You better not! WTF DUDE I BEEN BEGGIN UR *** FOR THAT FOR WEEKS AND NOW UR JUST GONNA SHARE IT W/ EVERYONE?!!?!?!?!?!?!?!?!?!?!?!?!



Here's a rub that I use on ribs, steak, chicken, its goos on everything


It's all equal parts just mix up as much as u want, except the garlic its half.

1 part Tony's Seasoning
1 part Black Pepper
1/2 Part Garlic Salt
Dash of Cayanne (if u like it)
I also have some "Hickory" seasoning I add 1 Part of that, but, it might be hard to find in all stores.


----------



## RDWD (May 11, 2009)

Don't worry P425 Im only giving the generic version not the "secret version". I though you found a recipe that you said was just as good.


----------



## phreebsd (Dec 16, 2004)

big bob gibson has a white barbeque sauce. it wasnt so good. i gave it a chance.


----------



## phreebsd (Dec 16, 2004)

xplay said:


> I cook on the pro bbq circuit, mostly louisiana,mississippi, alabama. Have good recipe's for ribs,chicken, brisket,chili,pinto beans,white chocolate bread pudding. Double Trouble BBQ


have you been on TV? i swear your name sounds familiar. ive watched several shows on the pro bbq circuit.


----------



## Polaris425 (Dec 16, 2004)

RDWD said:


> Don't worry P425 Im only giving the generic version not the "secret version". I though you found a recipe that you said was just as good.


haha... i said close, its not the same... i need to try again.


----------



## Big D (Jun 23, 2009)

IBBruin said:


> I'm not so sure you'd call this a recipe but my favorite food on the smoker is whole whole chickens stuffed with boudin. All wood fire (no charcoal) around 250 for 4-1/2 to 5 hours. You have to use two hands to remove the chickens. They fall apart if you don't.


I'm embarassed to say I had to Google "boudin" :boggled:


----------



## IBBruin (Feb 10, 2009)

LOL, I was wondering if any of our "Northern Neighbors" had any idea what it was.


----------



## phreebsd (Dec 16, 2004)

i like conecuh sausage. Made right here in Alabama!


----------



## Polaris425 (Dec 16, 2004)

phreebsd said:


> i like conecuh sausage. Made right here in Alabama!

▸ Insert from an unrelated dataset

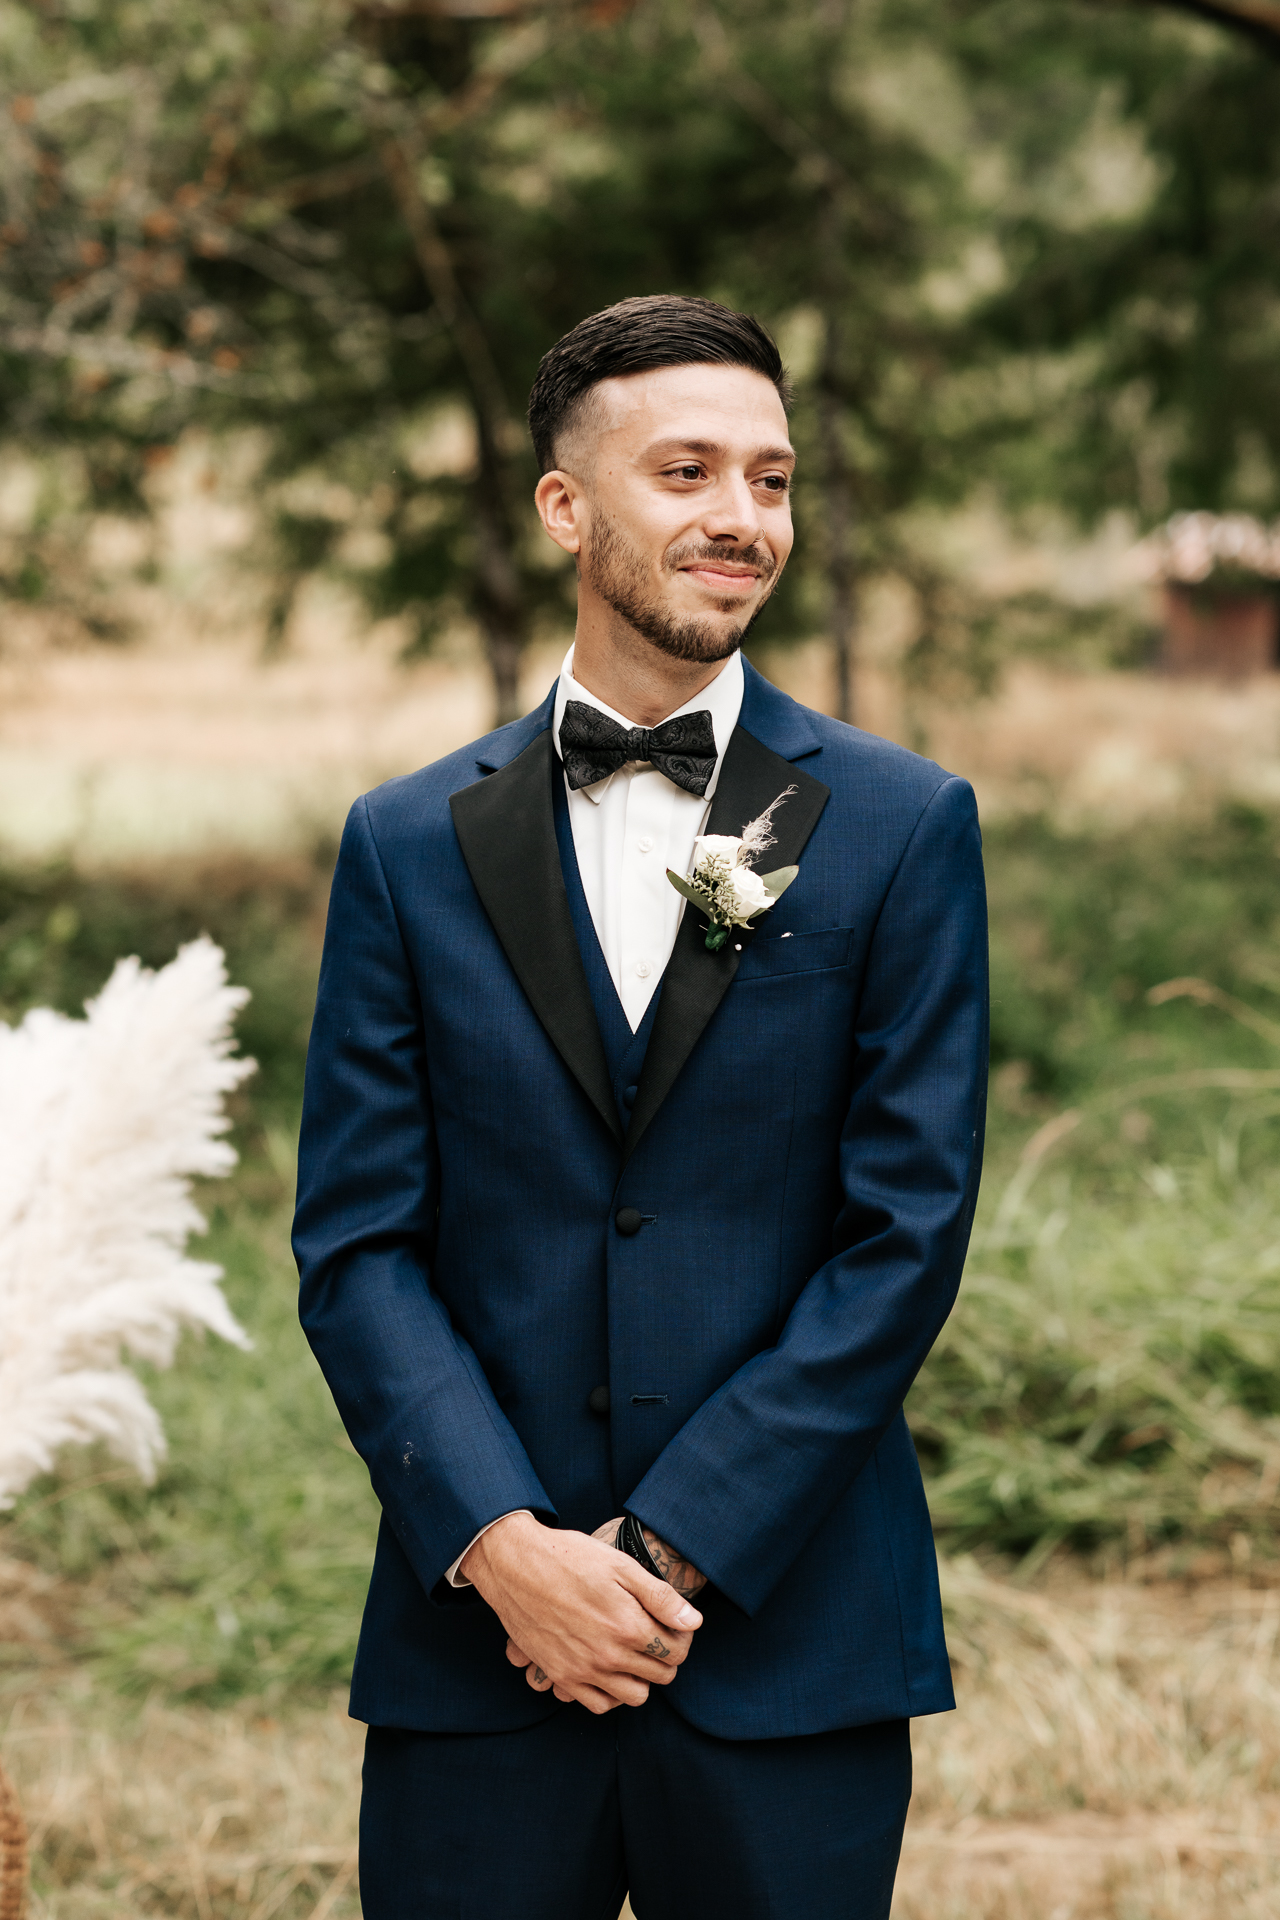 Groom sees his bride for the first time when she is walking down the aisle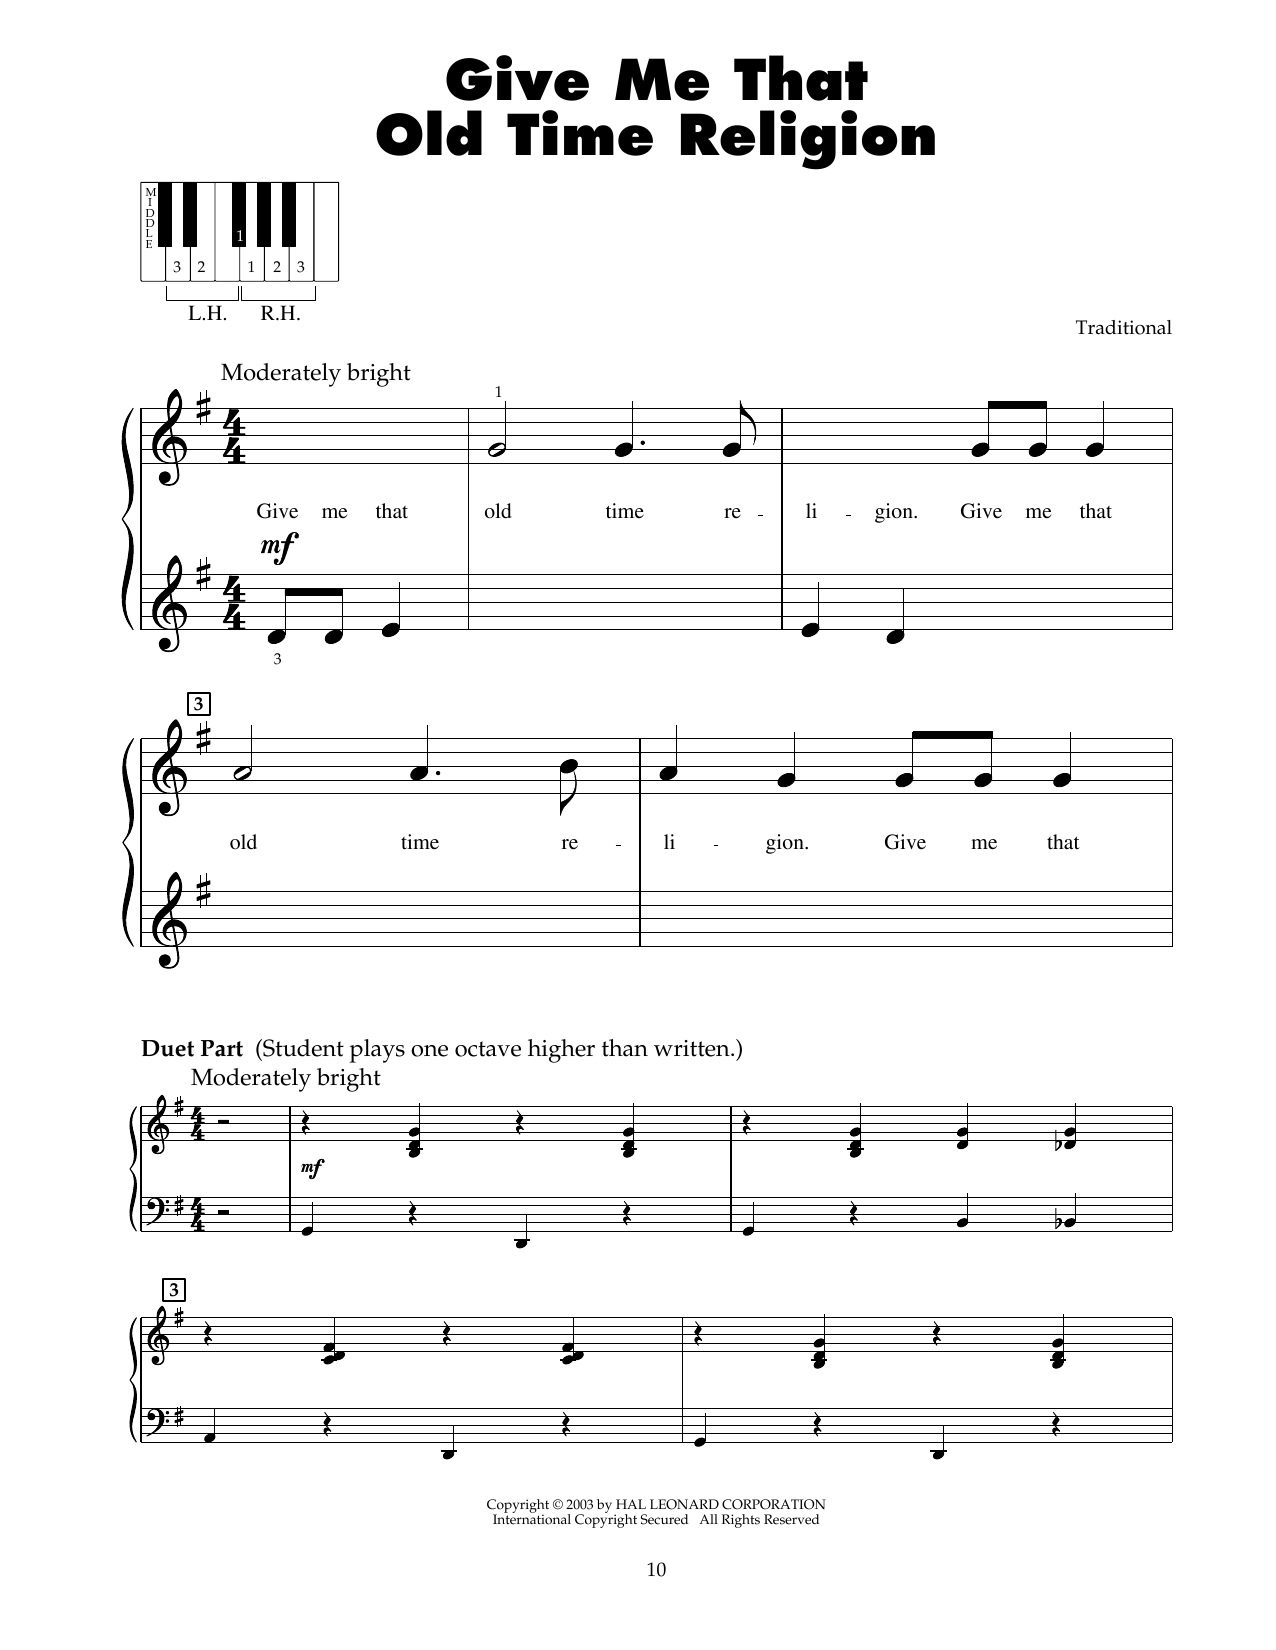 Download Traditional Give Me That Old Time Religion Sheet Music

So do we... RDWD Introduced me to it when I moved into the N'hood. Now Im hooked, the cajun is my favorite... But dont wear a good shirt when eating b/c it will juice on you if you're not careful.


----------



## goodtimes750 (Aug 12, 2009)

a good marinade for wings on the grill 
2 sticks butter (i actually use 3)
1 onion chopped 
1 clove of garlic chopped

through all the stuff in pott. simmer on stove for 1.5 hrs letting onion cook down.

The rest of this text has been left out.